This repository shows how it is possible to discover the author of a text book, given a list of authors among which we can choose. It may be resused for plagiarism detection or to discover the author of messages, by changing the list of authors and the directory with txt documents necessary for the training phase.
The model will try to guess the true author of the text you choose (or some random ones the model has never seen taken from the directory of predownloaded books).

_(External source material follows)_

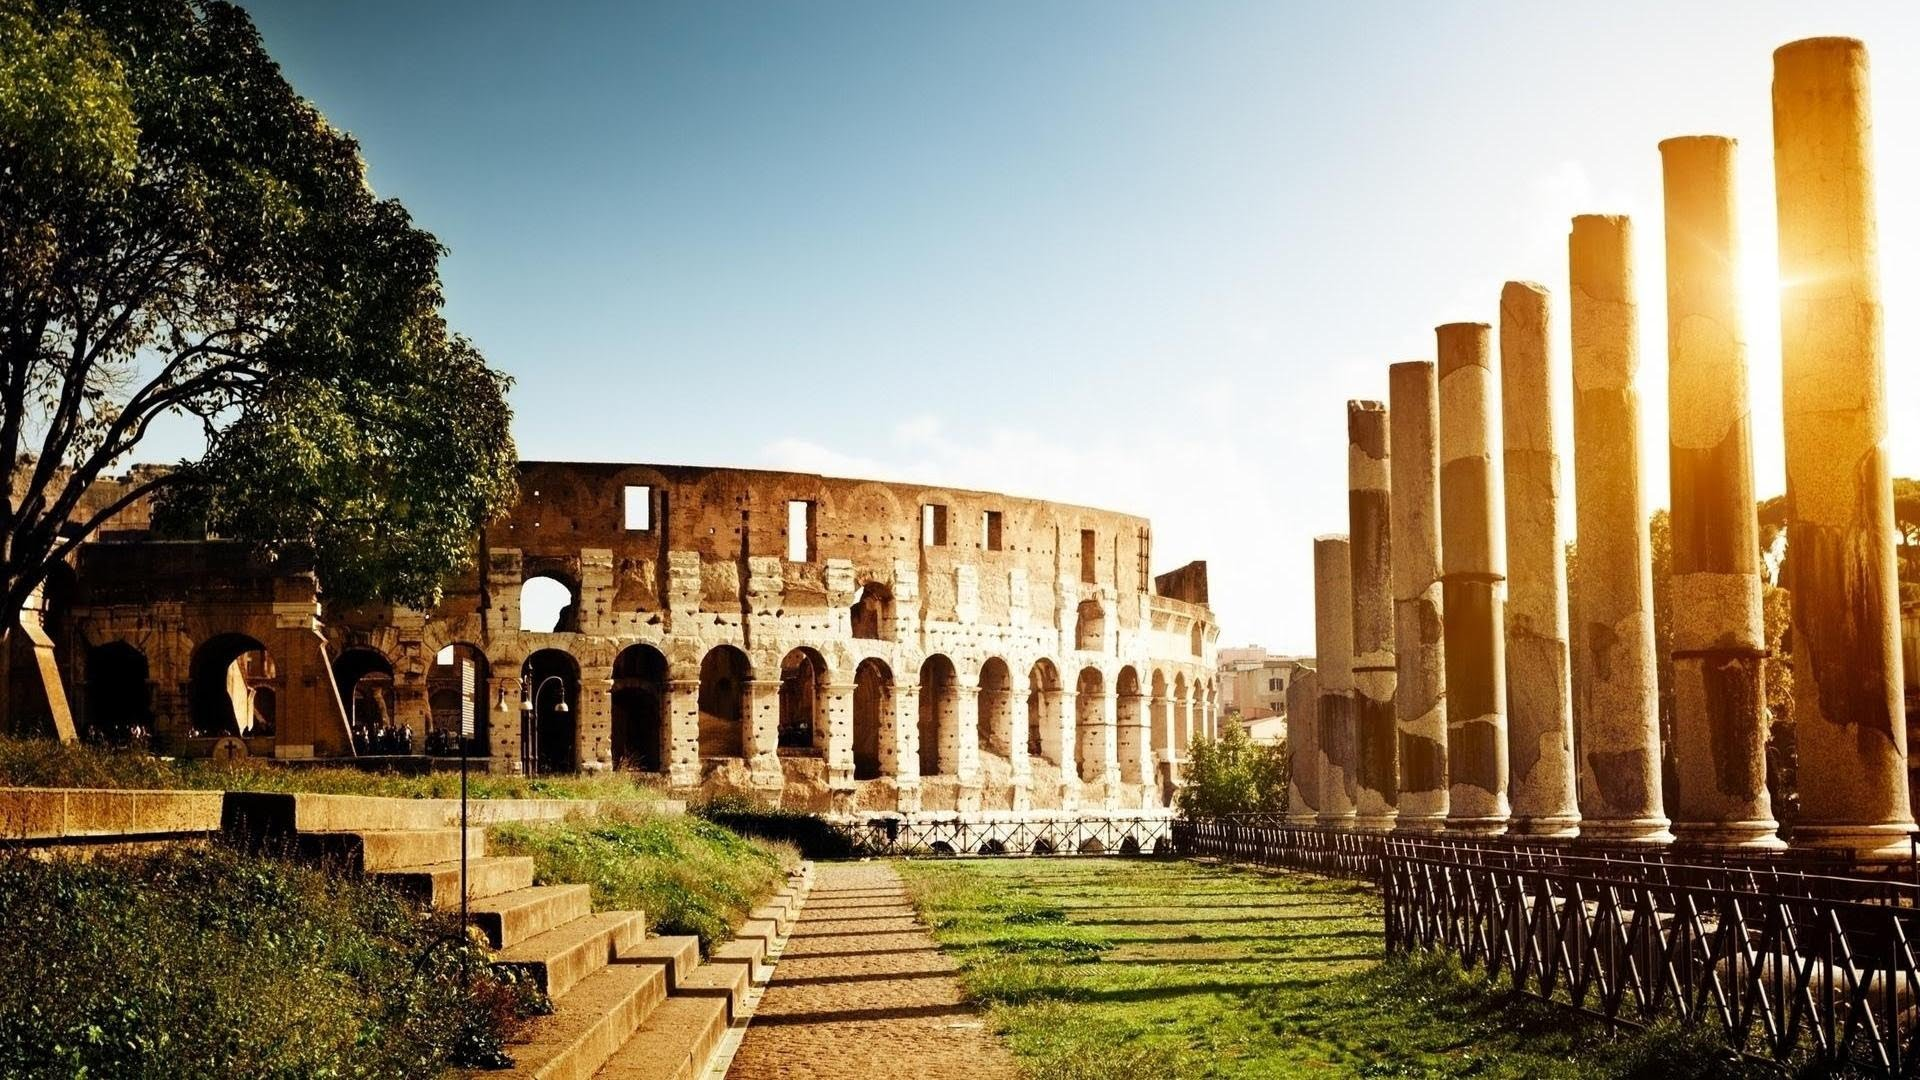 Architecture clipart colosseum Colosseum  Rome The YouTube

If you want to execute the code, it is suggested to create a conda environment where to install the requirements:
conda create --name your_env
conda activate your_env
conda install pip # Optional for those with no python installation
pip install -r requirements.txt
If you're new to NLTK library, you should also run:
nltk.download("punkt")
nltk.download("stopwords")
To run the main code, type:
python attribution.py
You can also switch to the Russian literature (or your personal folder):
python attribution.py --training_path data/russian/ --test_file data/russian/test_books/dostoevsky_white_nights.txt
By adding --prob flag at the end, you can obtain:
- a dataframe with the probabilities per each author to have written a book, if you do not specify a test file;
- if you specify a test file, you will get the ordered list of authors, based on how likely they have written the book you requested.
Whenever you do not specify a test file, you will only get the accuracy (unless you add --prob). Otherwise, you get the book information (title, author, predicted author).

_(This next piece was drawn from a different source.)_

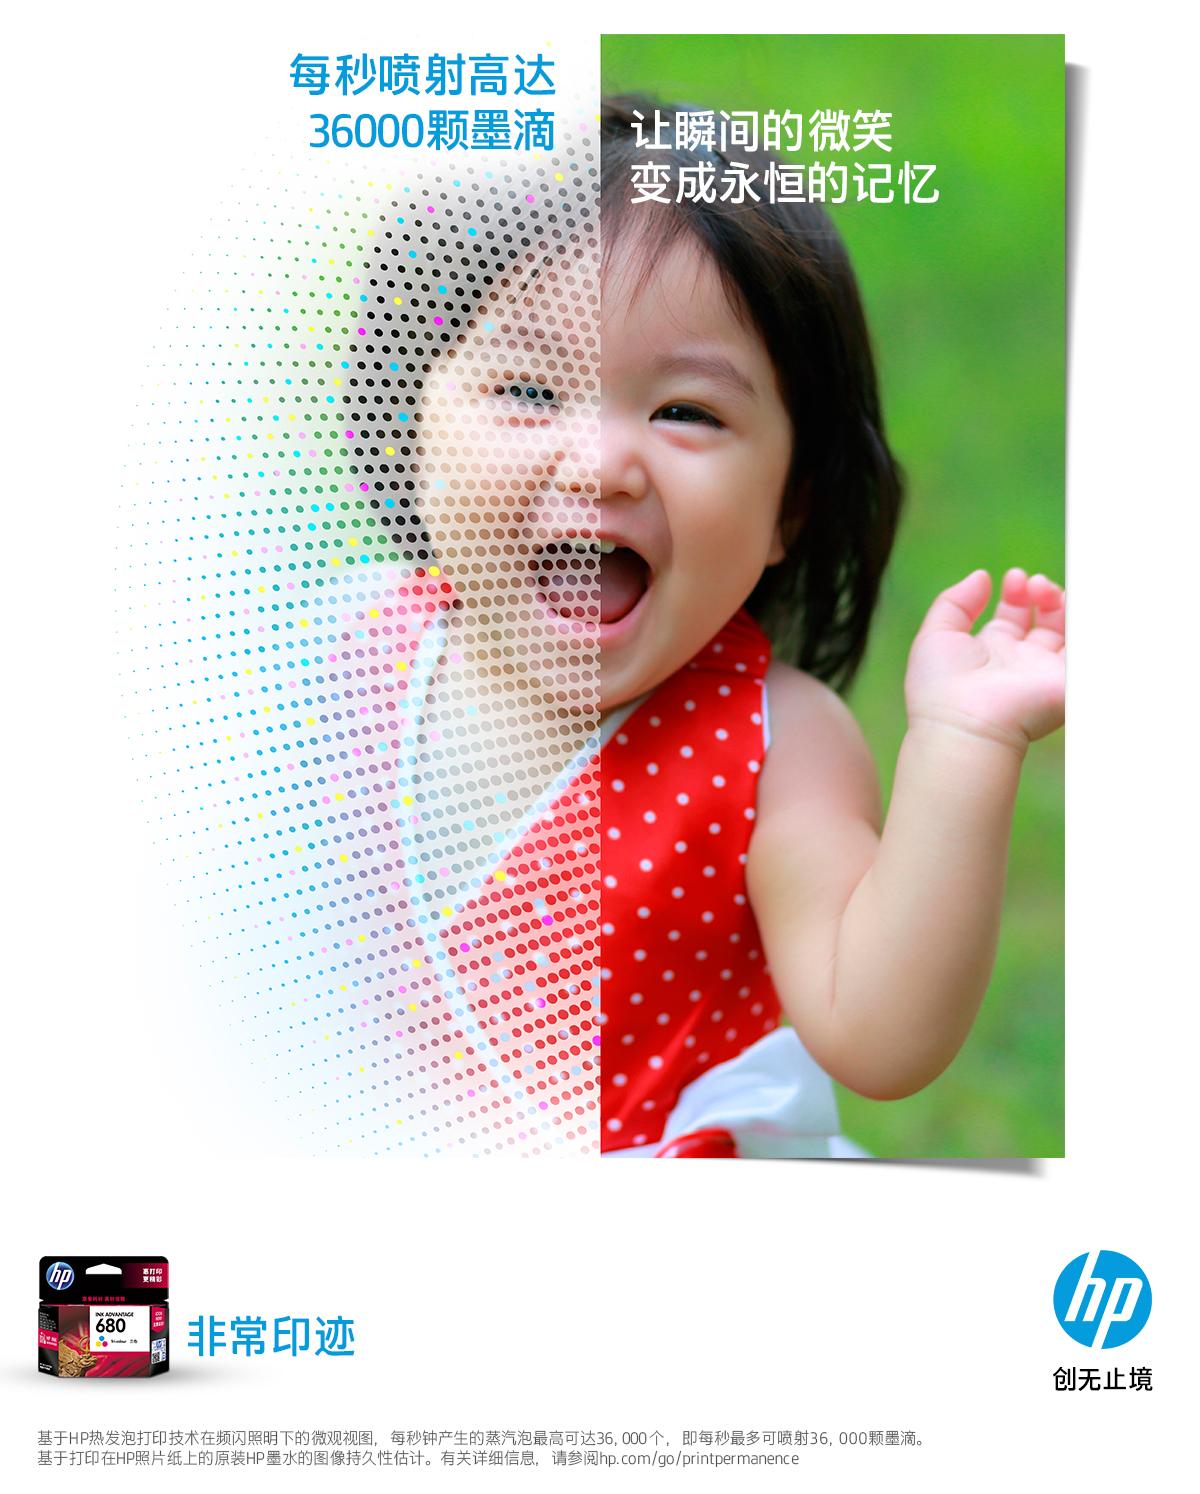 HP_statics_FINALS_bub6-4_CN.JPG

Also, you can switch from bag of words representation to tfidf by specifying --tfidf:
python attribution.py --tfidf
You can also test the Jupyter Notebook, already executed, and change the paths to get your predictions.

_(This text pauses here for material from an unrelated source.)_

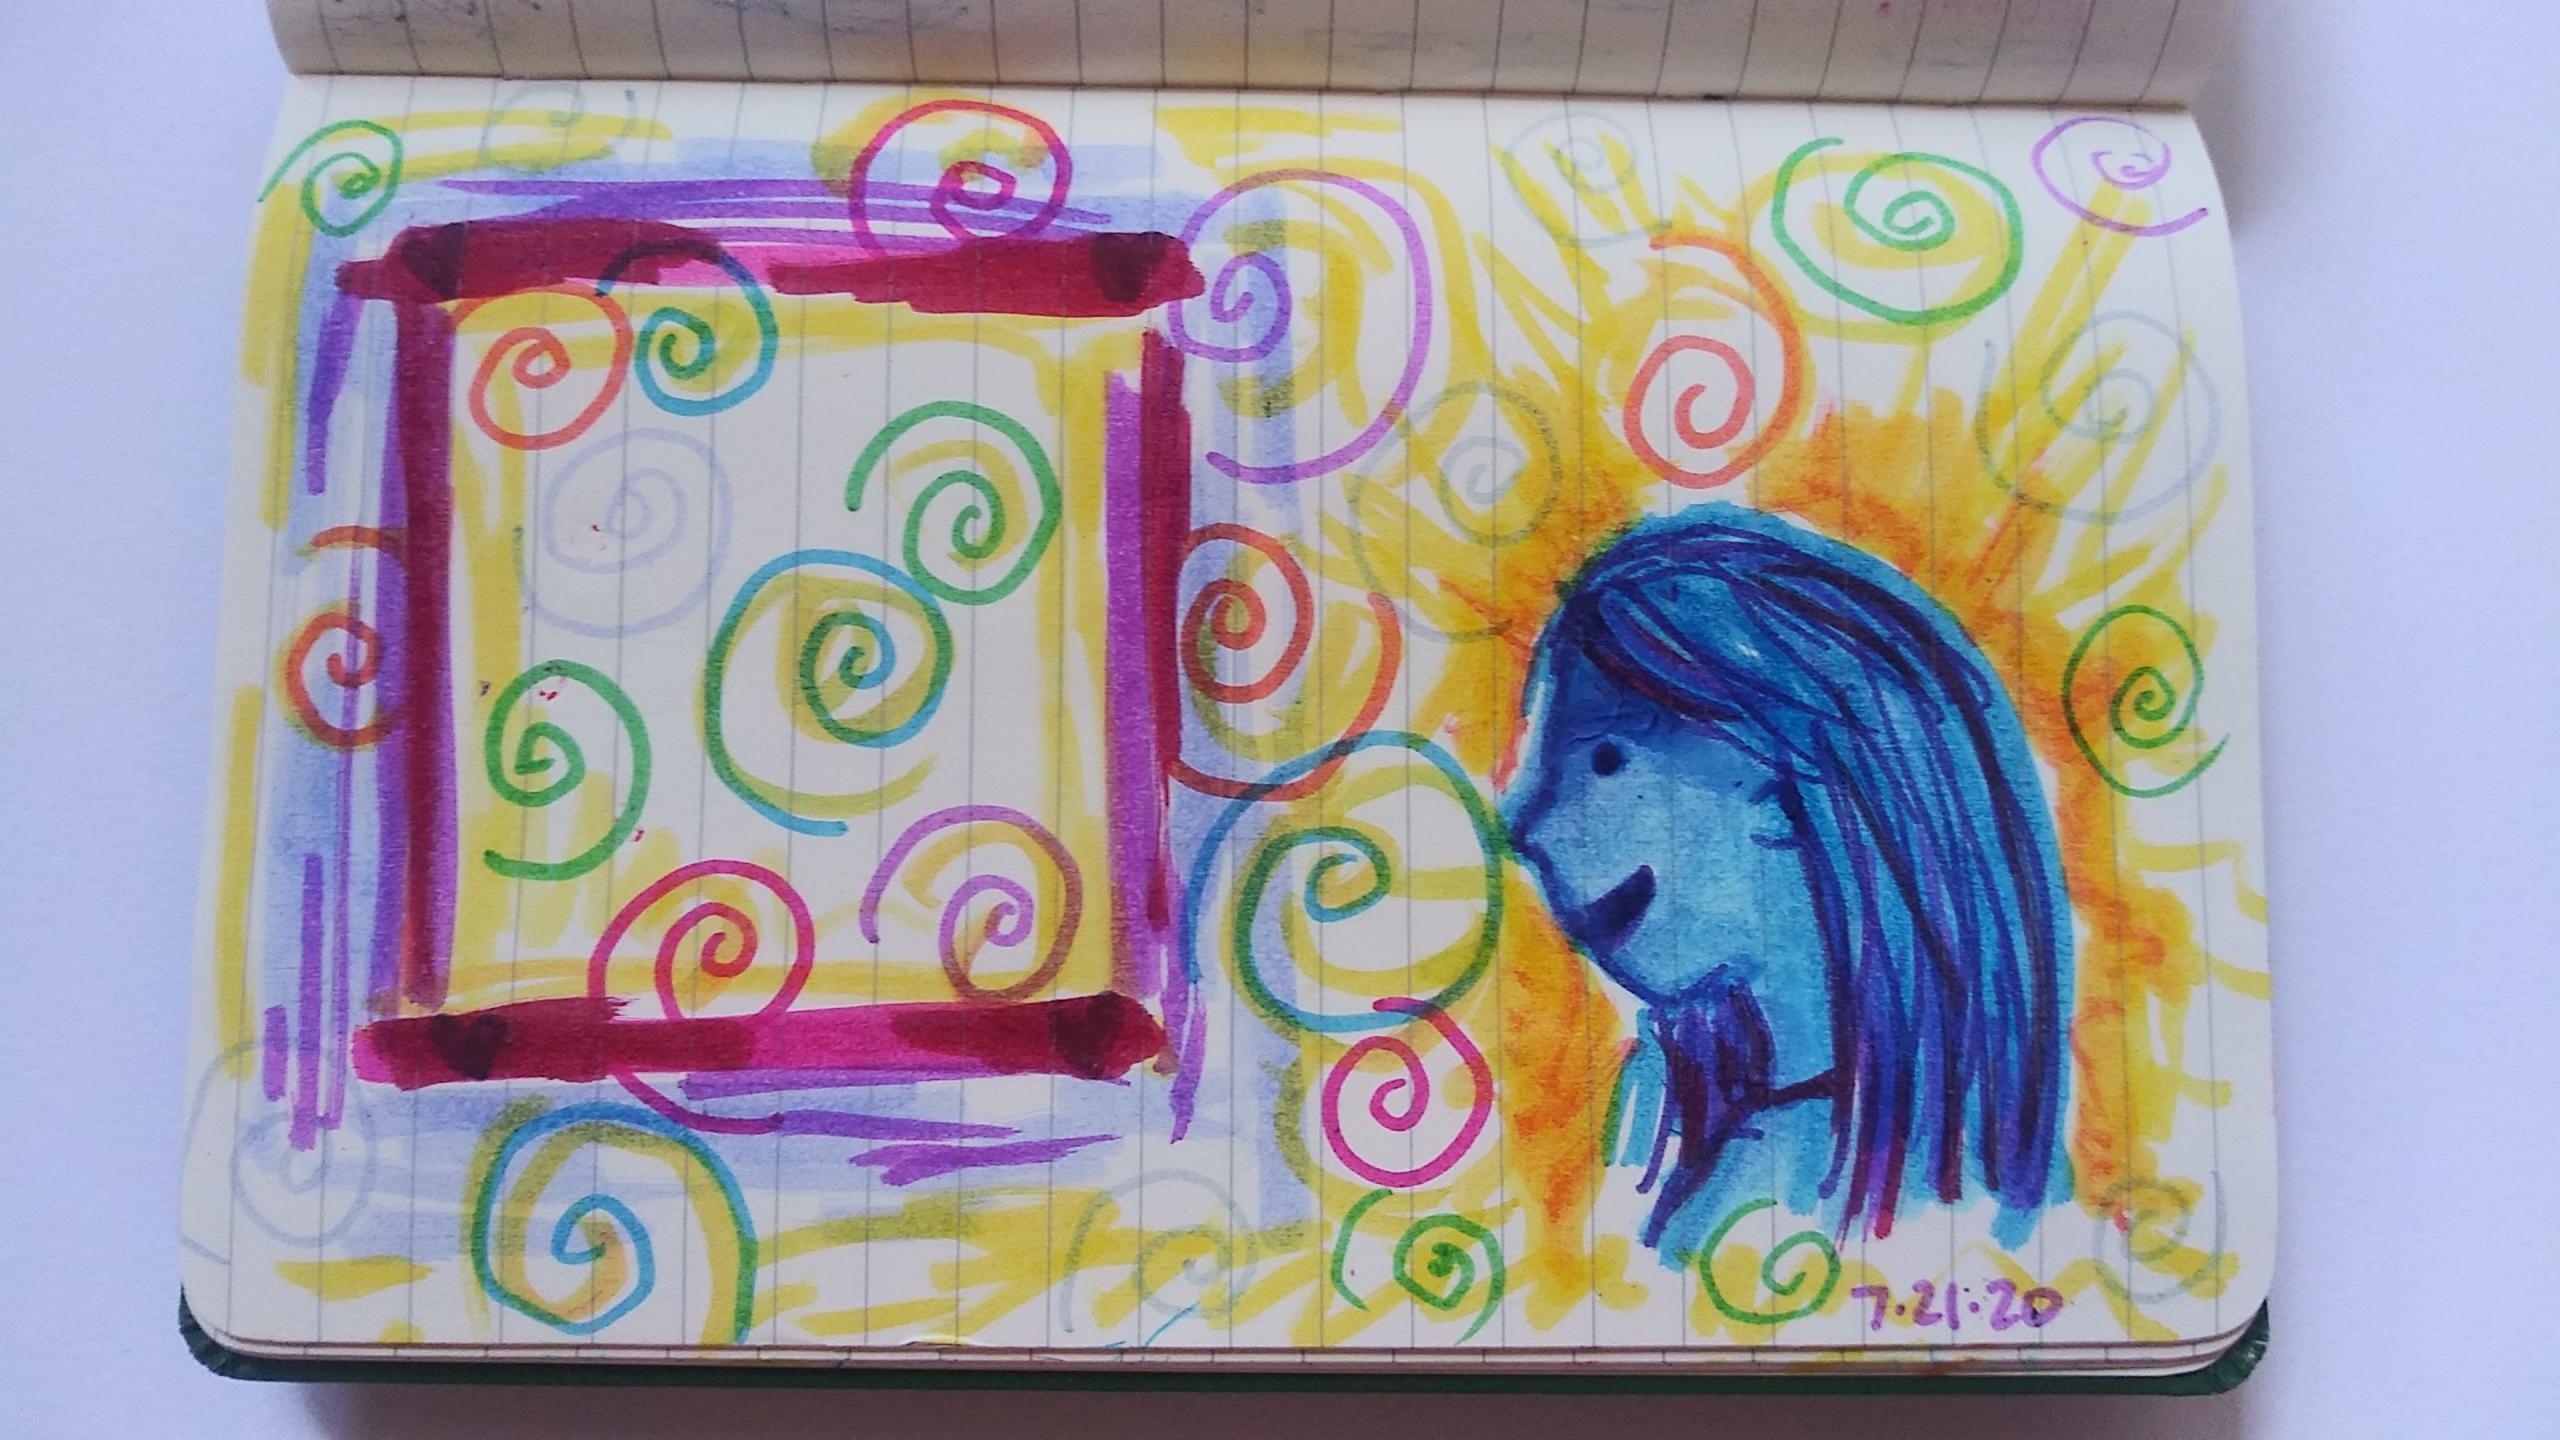 Doodle Reflection: Thinking Inside the Box

The repository is divided into different folders:
- data, where you can find three different dataset for training ad testing the code (American/British, Russian and Italian literature). Notice that russian and italian folders have few books because of the lack of literature on Gutenberg.
- images, with some heatmaps that serve as example of the jupyter notebooks and the accuracy of different models;
- original_setup, which contains the original code (with some improvements) in the repo Authorship Attribution of Natural Language Processing course at University of Trento.
Additional files can be found in the main directory:
- attribution.ipynb is a notebook that guides you throughout the entire project, allowing you to customize it in a user friendly way;
- attribution.py is a python script to execute the code from the command line, such that you can request either the accuracy score based on a specific training path or the prediction of a particular test book;
- utils.py with some utilities function to execute the code;
- cross_validation.py, necessary in the Results section to choose the best model for this use case;
- requirements.txt to replicate the same environment to execute the code.
Multiple models are suggested in order to classify a text, but mainly MultinomialNB is used. Why?
The following results are computed on the American/British data, which is the biggest folder available.
If we run a cross validation with the leave one out k-fold, this means that the model will train on
Note that in case of the DecisionTreeClassifier performance are comparable with a random model that assigns a book to a random author (1/number of authors).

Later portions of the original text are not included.